▶ _TASK DIRECTIONS_
Restate all entries word for word, minus pictures.

▶ _Entries taken from a collection_
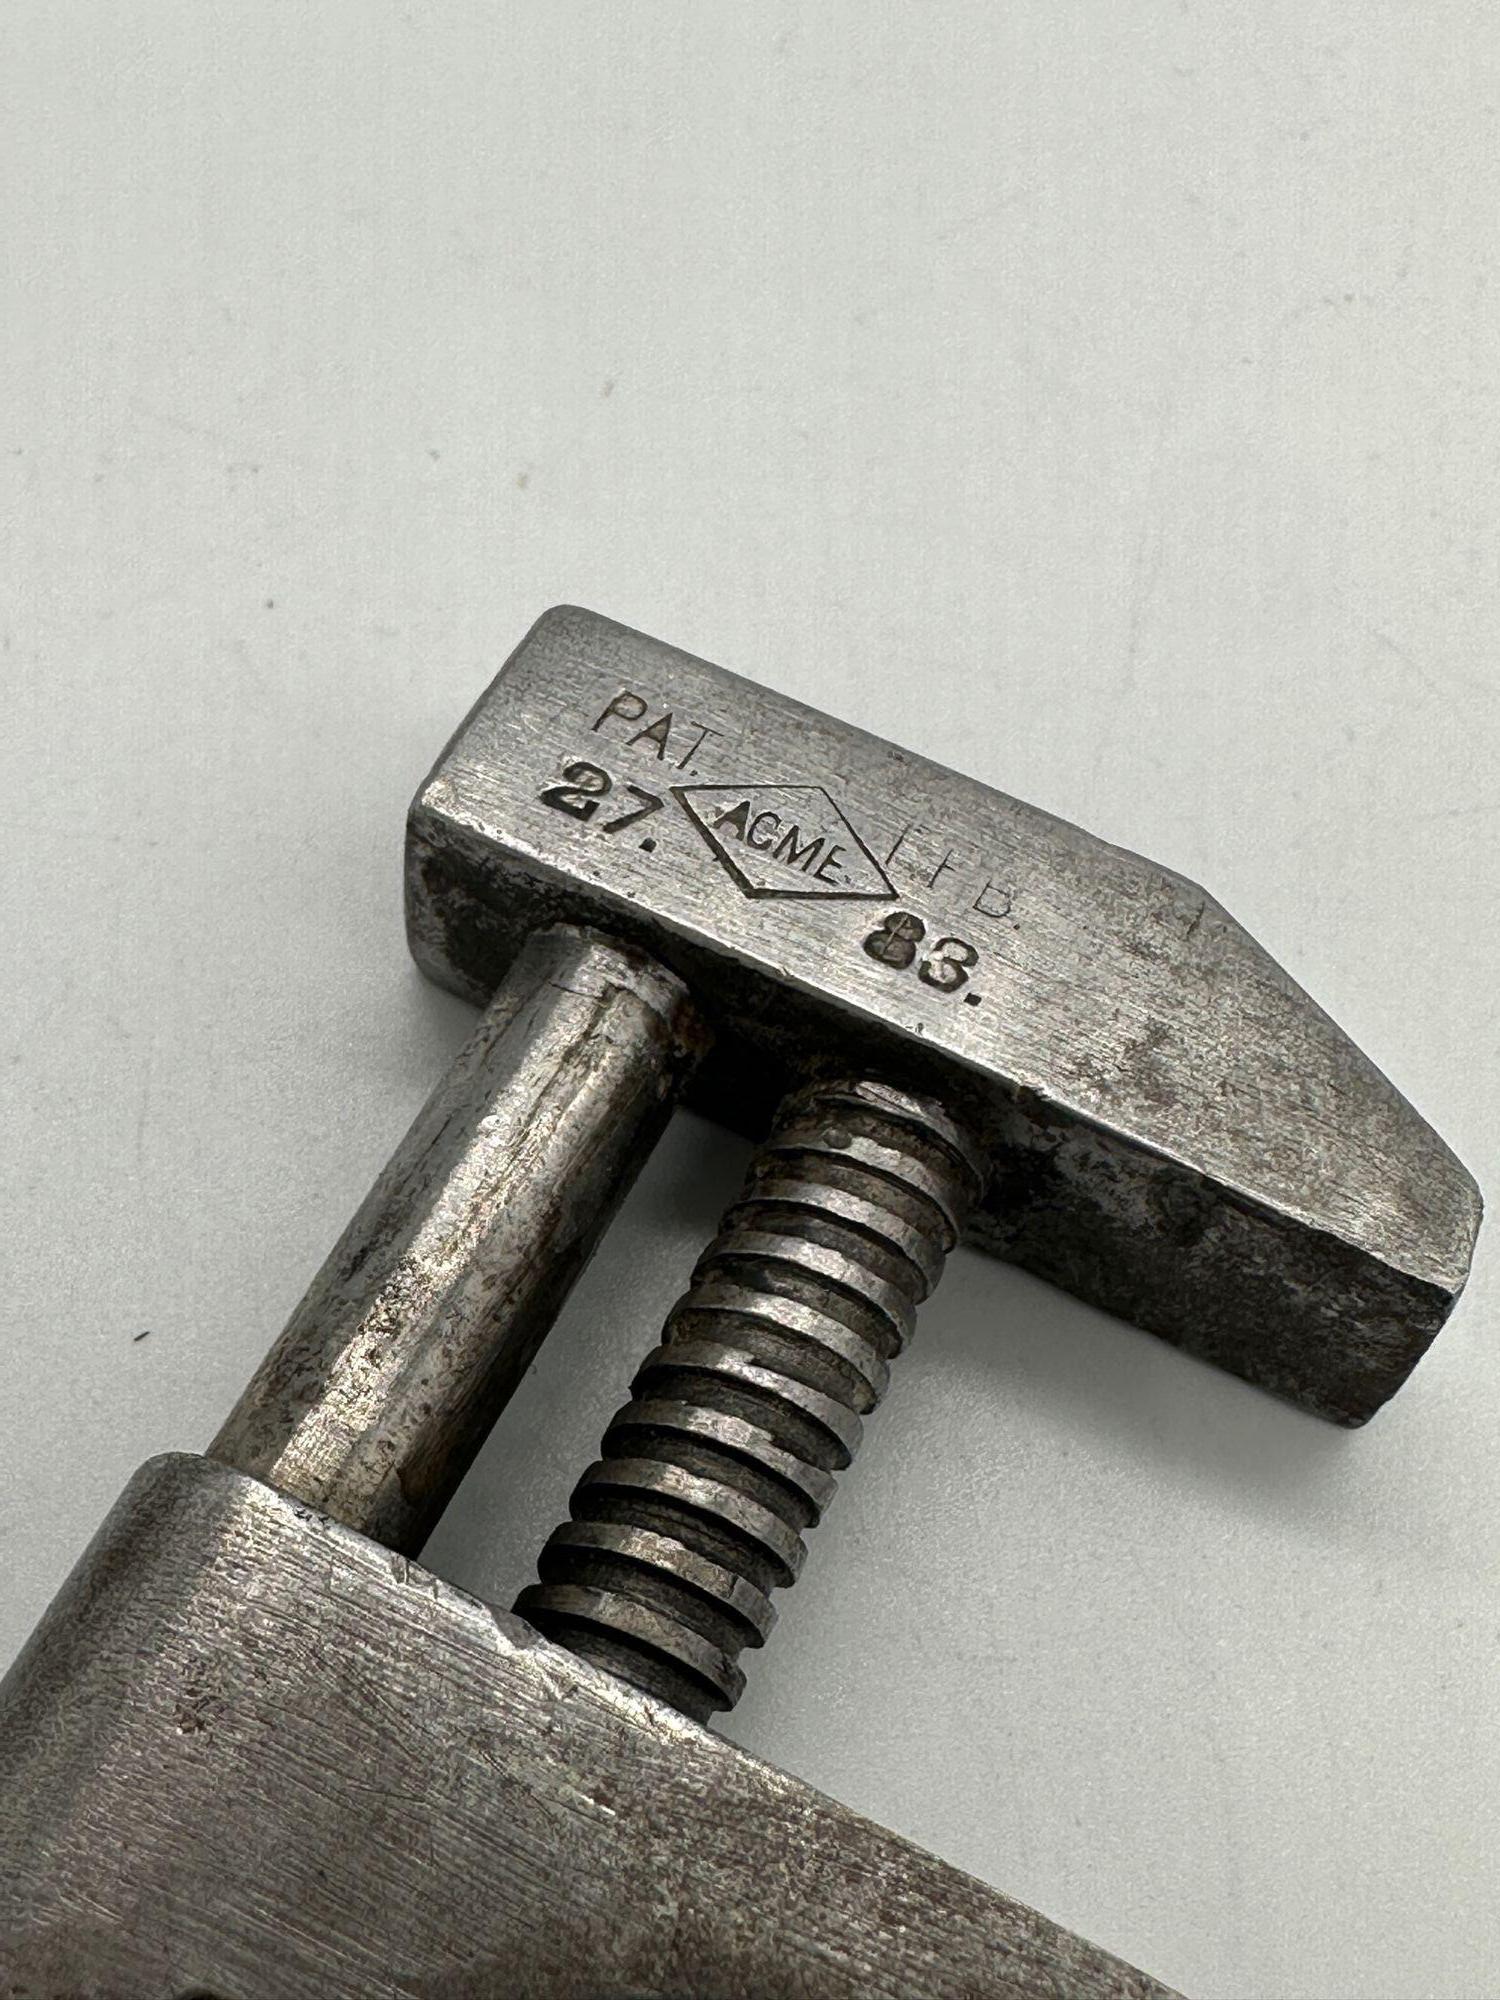 Antica chiave inglese regolabile forgiata Acme da 5 pollici con impugnatura ritorta, brevettata da Frederick Seymour con il numero di brevetto 27.83.

Il manico è costituito da un filo o da un'asta piegata in modo da creare due aste parallele. Una
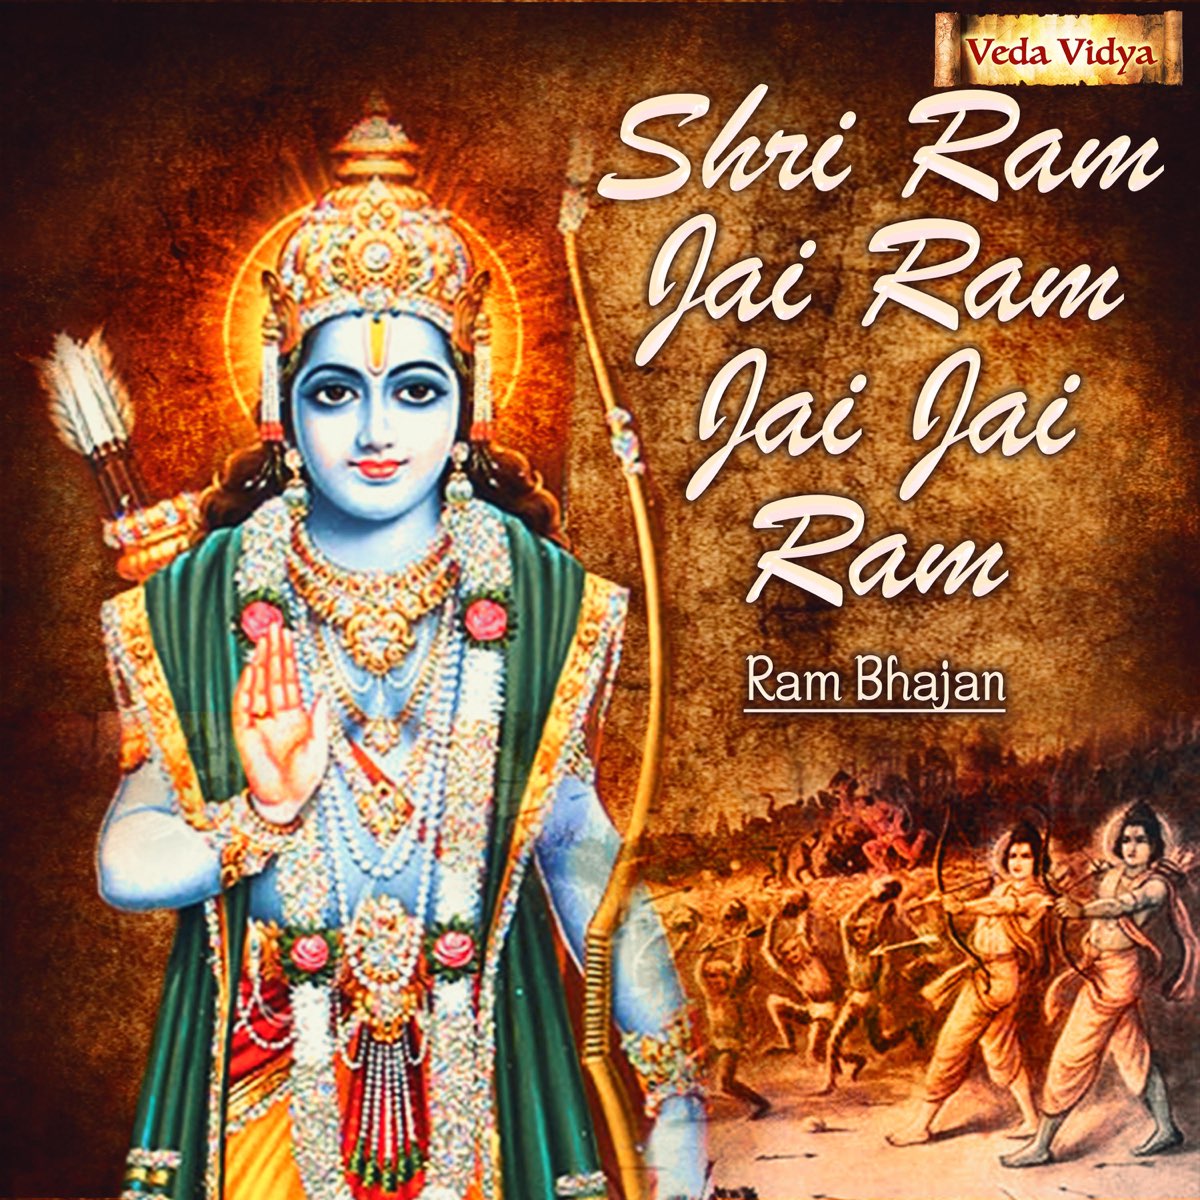 Shri Ram Jai Ram Jai Jai Ram (Ram Bhajan) - Single par Jatin sur Apple Music
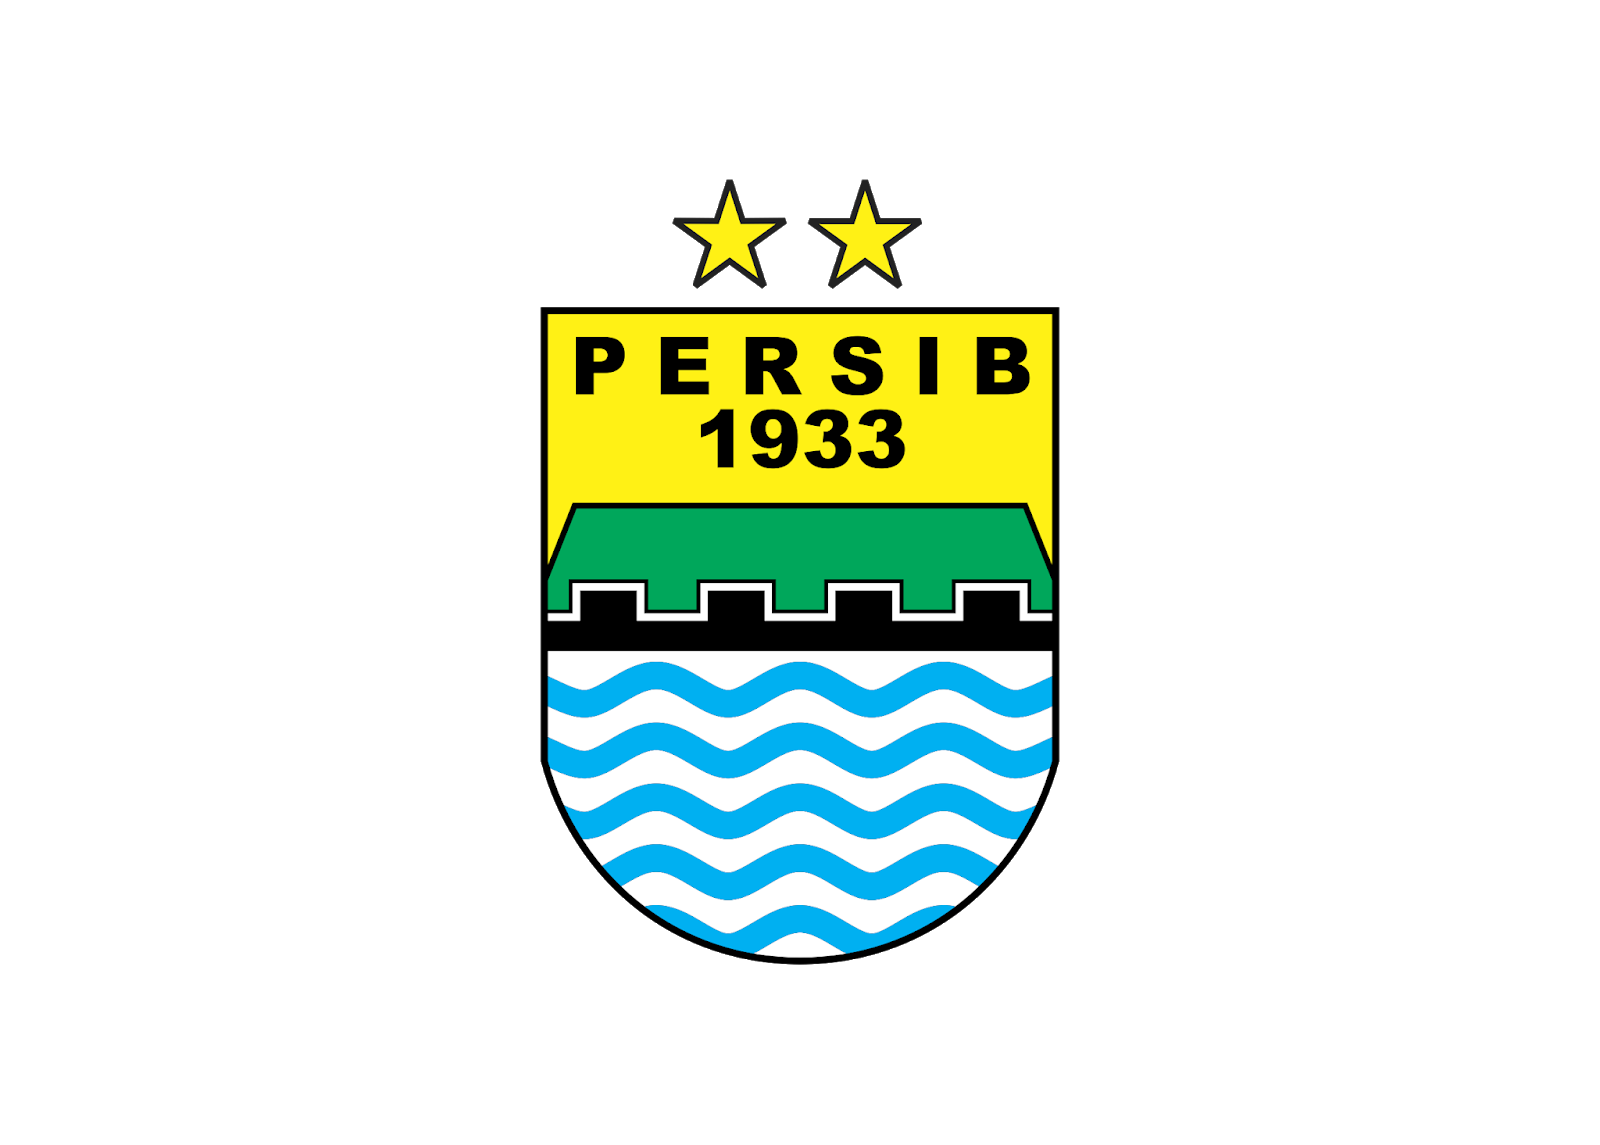 Logo Persib Bandung 1933 Format CDR | Free Download - Logo Desain Free
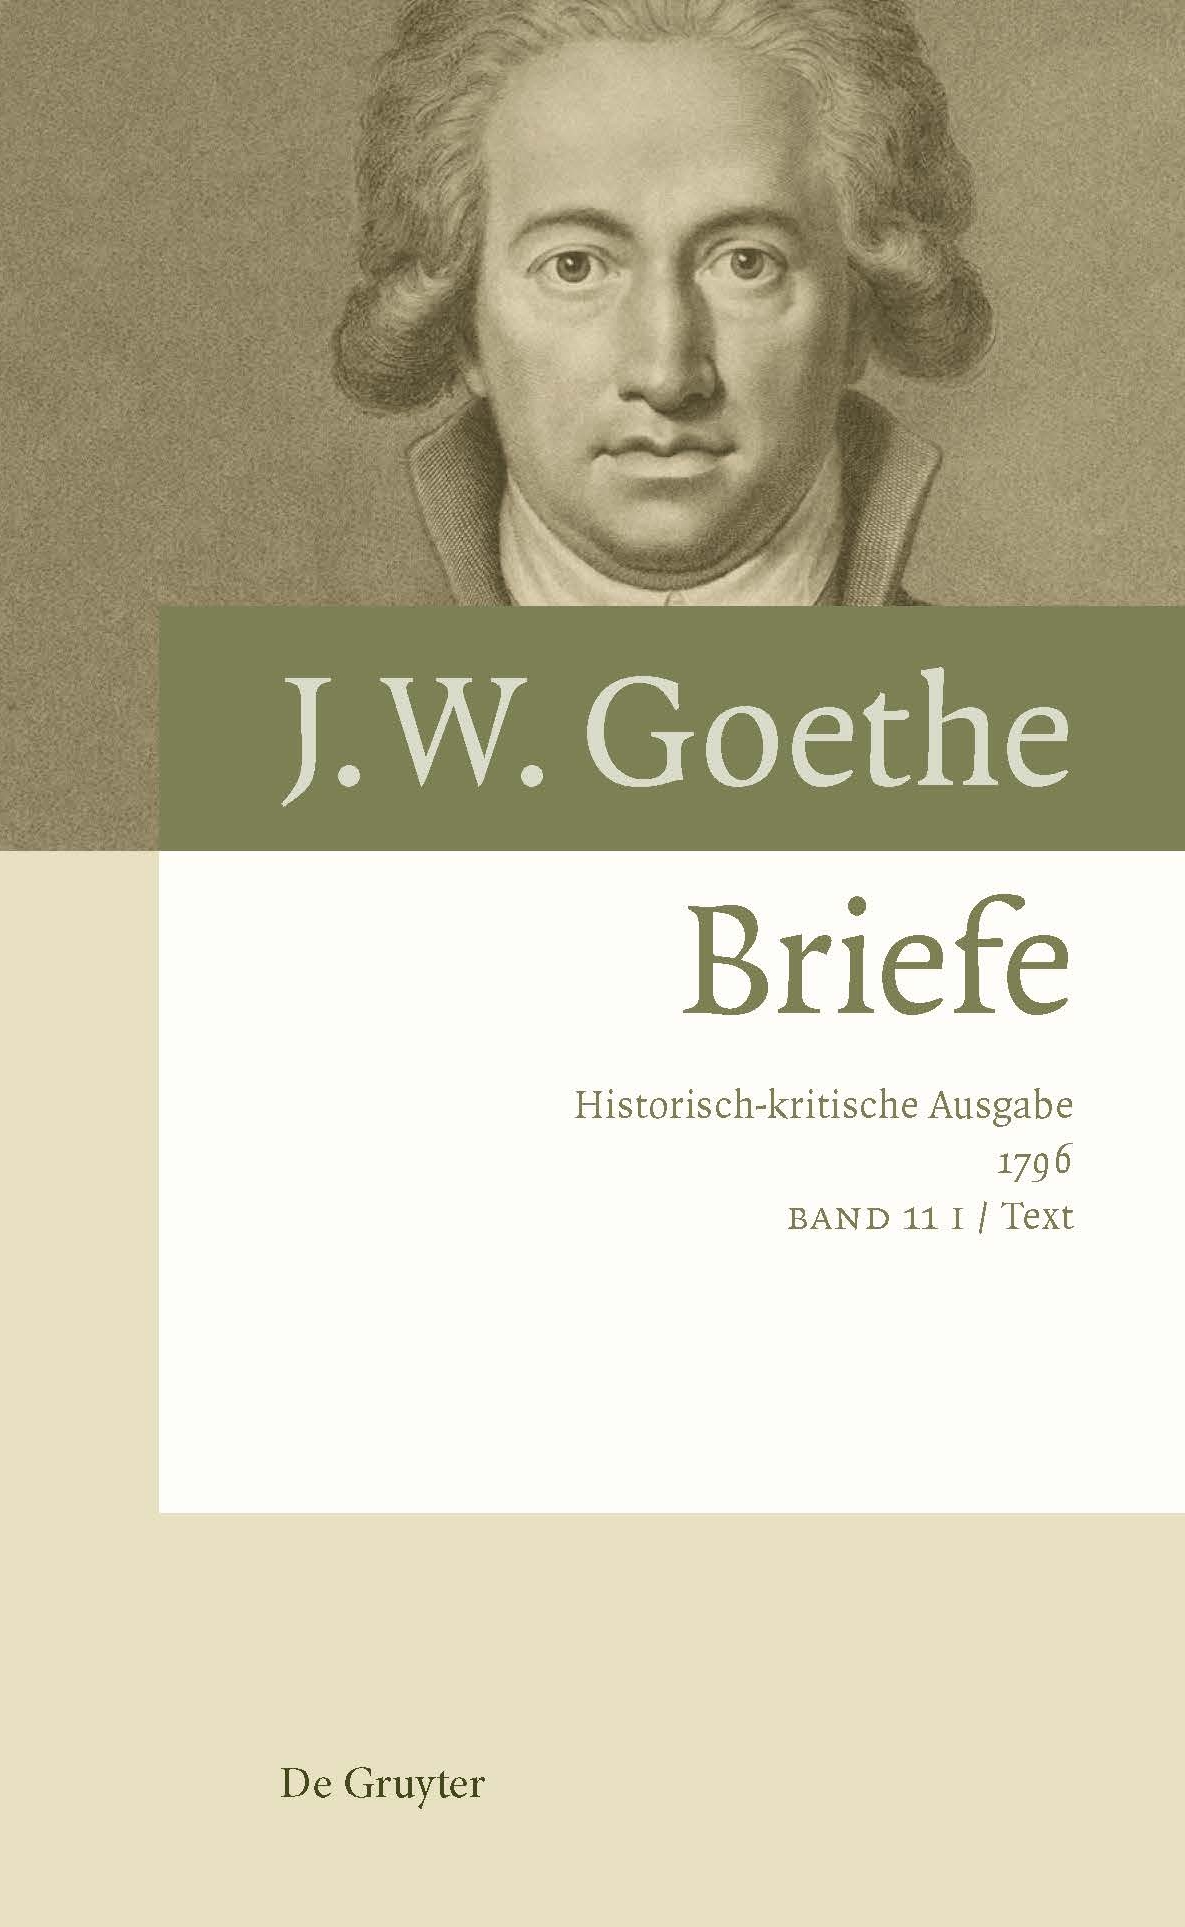 Cover des Druckbandes 11 I, erschienen bei De Gruyter.

▶ _WRITTEN SOLUTION_
 Antica chiave inglese regolabile forgiata Acme da 5 pollici con impugnatura ritorta, brevettata da Frederick Seymour con il numero di brevetto 27.83.

Il manico è costituito da un filo o da un'asta piegata in modo da creare due aste parallele. Una
 Shri Ram Jai Ram Jai Jai Ram (Ram Bhajan) - Single par Jatin sur Apple Music
 Logo Persib Bandung 1933 Format CDR | Free Download - Logo Desain Free
 Cover des Druckbandes 11 I, erschienen bei De Gruyter.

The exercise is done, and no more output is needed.